Seagate stockholders will receive approximately $8.15 in cash and 0.45 of a share of Veritas stock for every one share of Seagate stock. The precise transaction details will be finalized within about a week, executives said during the call.

The Seagate deal lowers Veritas' tax burden and reduces Veritas' outstanding shares by 18.7 million, which is expected to increase calendar-year 2001 earnings per share by 4 percent.

"We...believe the accretive nature of the transaction, coupled with a lowered tax rate and a (fourth fiscal 2000 quarter) that is tracing extremely well, will attract investors' attention to the software leader of storage management," wrote Merrill Lynch analysts Mark Fernandes and Mark Martinho.

In a twist on the uncertainties surrounding the presidential election, which has sapped enthusiasm from Veritas stock and the broader markets in recent weeks, the analysts titled their Tuesday report "The Vote is Over--Taxes Lowered." The Merrill analysts, who reiterated an intermediate-term "accumulate" and long-term "buy," increased their calendar-year 2001 earnings per share estimate from 83 cents to 87 cents. They maintained a revenue forecast of $1.77 billion.

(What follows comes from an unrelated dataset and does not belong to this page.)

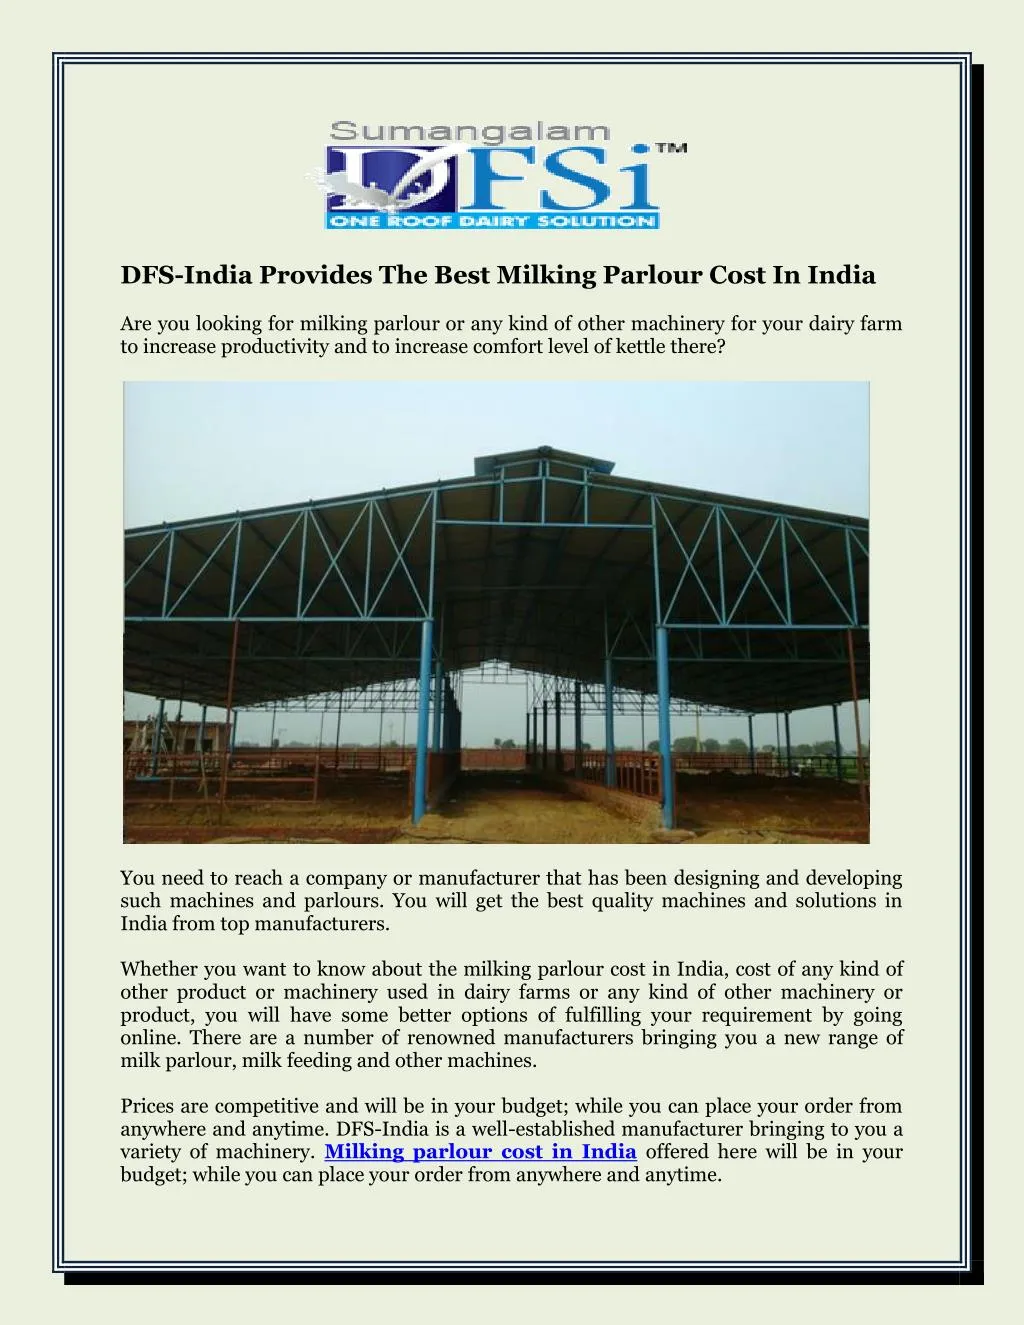 dfs india provides the best milking parlour cost

Other analysts were downright gushing when they wrote about Veritas in research reports issued Tuesday morning.

Goldman Sachs analysts Neil Herman and Amy Feng called the company "one of the best performers in our universe" and reiterated their top ("buy") rating.

Last week, the duo raised its earnings-per-share estimate for fiscal year 2001 from 80 cents to 83 cents. On Wednesday, a day after the Seagate deal closed, it also maintained its 12-month price target of $160 per share. The duo's forecast for the fourth quarter, which ends in December, is top-line revenue of $345 million and operating earnings per share of 17 cents.

Investment firms Thomas Weisel Partners, Deutsche Banc Alex Brown, Lehman Brothers and Needham also reiterated "buy" ratings.

Wit SoundView reiterated a "strong buy" and a 12-month price target of $165. Prudential Volpe reiterated a "strong buy" and a 12-month price target of $175 per share. If Veritas hit the Prudential target, it would be a 65 percent increase from the current price of $106. The stock, which has traded in a 52-week range between $46.05 and $174, is down 24.84 percent since the beginning of the month.

Goldman Sachs analyst Anne Meisner called Veritas software the "killer app" for storage area networks. A SAN is a dedicated, high-speed network similar to a local area network (LAN). A SAN consists of a cluster of storage devices accessible to multiple servers and managed as a single resource.

Meisner's only concern was Veritas' ability to recruit talent--a ubiquitous worry for all companies in the Silicon Valley and the broader tech sector.

"We believe the greatest risk facing the company is its ongoing ability to hire skilled professionals to support continued robust growth," Meisner wrote in a research note that kept Veritas on its "recommended" list.

On the hiring front, however, Veritas recently scored something of a coup. The company announced earlier this month that Gary Bloom, an Oracle executive who was widely believed to be on a short list of possible successors to CEO Larry Ellison, will become president and chief executive of Veritas.